By: The Commentator Editorial Board  | 

American Enlightenment (Vol. 1, Issue 13)

The position American colleges have taken on the invitations extended to them to participate in the Heidelberg ceremonies is a sad commentary indeed on the humanity and enlightenment of American university heads. It is depressing and disheartening to compare the stand taken by institutions in Great Britain with the deplorable callousness exhibited at Harvard, Cornell, Vassar, and Columbia, all of which have signified their intention to send delegates to the celebration. 

In England, the Royal Society, embodiment of dignified scholarliness and decorum, did not hesitate to refuse, with an admirable non-mincing of words. Oxford University and Birmingham University were no less pointed in their rejection. So decided were the rebuffs that a frantic attempt to maintain the German: self-respect necessitated a rather lame withdrawal of the invitation. The retraction fooled no one. It was an admission of a humiliating repulse. 

Quite different is the American side of the picture. With  the astonishing naivete the Harvard message of acceptance piously prates of the “ancient ties by which the universities of the world are united and which are independent of the political conditions existing in any country at any particular time.” 

Even more astonishing is the Columbia secretary’s explanation that acceptance was merely a matter of routine and that the invitation was not considered on its merits. As an example of logical treatment of a serious matter, Columbia’s action is certainly nothing to be, proud of. 

The demonstrations of apathy to the issues involved are difficult to understand. Can the authorities of the accepting institutions really be blind to the implications of the Heidelberg: celebration this summer?

They would seem to be oblivious of the fact that participating in the ceremonies is to be stigmatized as tacitly approving Nazi oppression. 

They would seem to be oblivious of the fact that of the old University of Heidelberg nothing remains but a hollow mockery of what was once a world center of learning. 

They must have forgotten what academic freedom means in a country where universities are but centers for the dissemination and inculcation of bloody Nazi ideology. 

American colleges pride themselves on their liberalism. They were especially loud in their own praises when they invited distinguished German exiles to teach in their portals. Now the participating colleges have reversed themselves completely.
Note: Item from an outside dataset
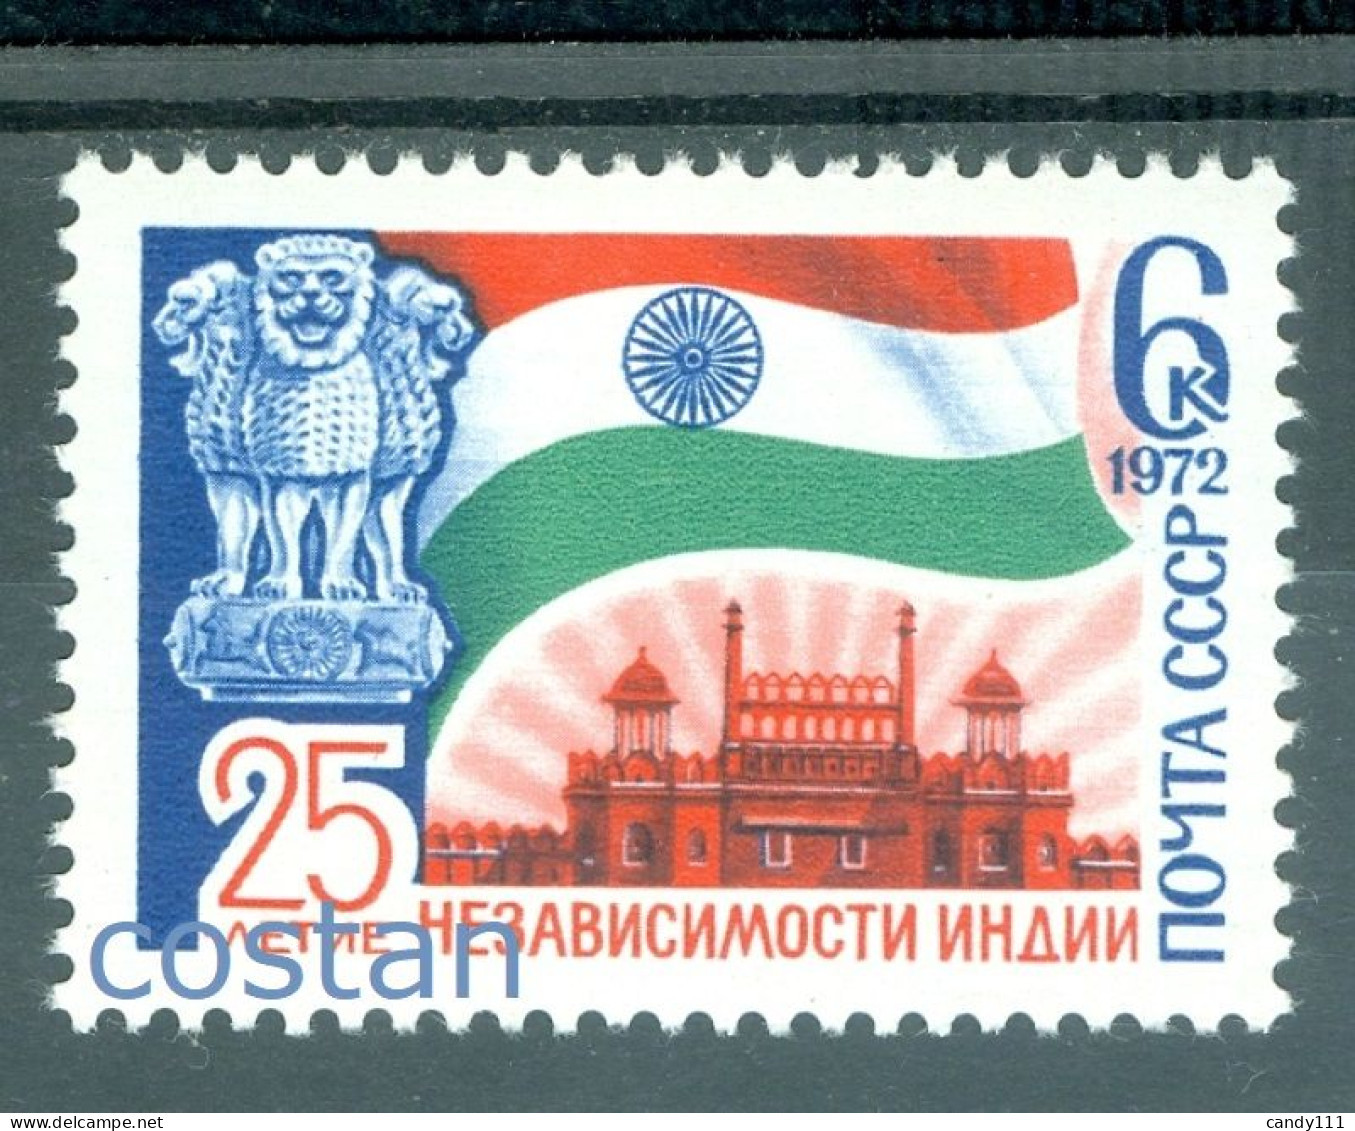 1972 INDIA Independence,Lion Capital,Flag,Red Fort/Lal Qila,Delhi,Russia,4031MNH - Castles

By accepting Hitler’s invitation they publicly insult the very same men whom, a short time ago, they delighted to honor. 

Academic slates in this country are none too clean on the score of liberalism, as any number of dismissed pacifist instructors will prove.

Let these schools hesitate ere they disgrace themselves further. They will not miss much. Lord knows there is little enough to celebrate at Heidelberg this summer.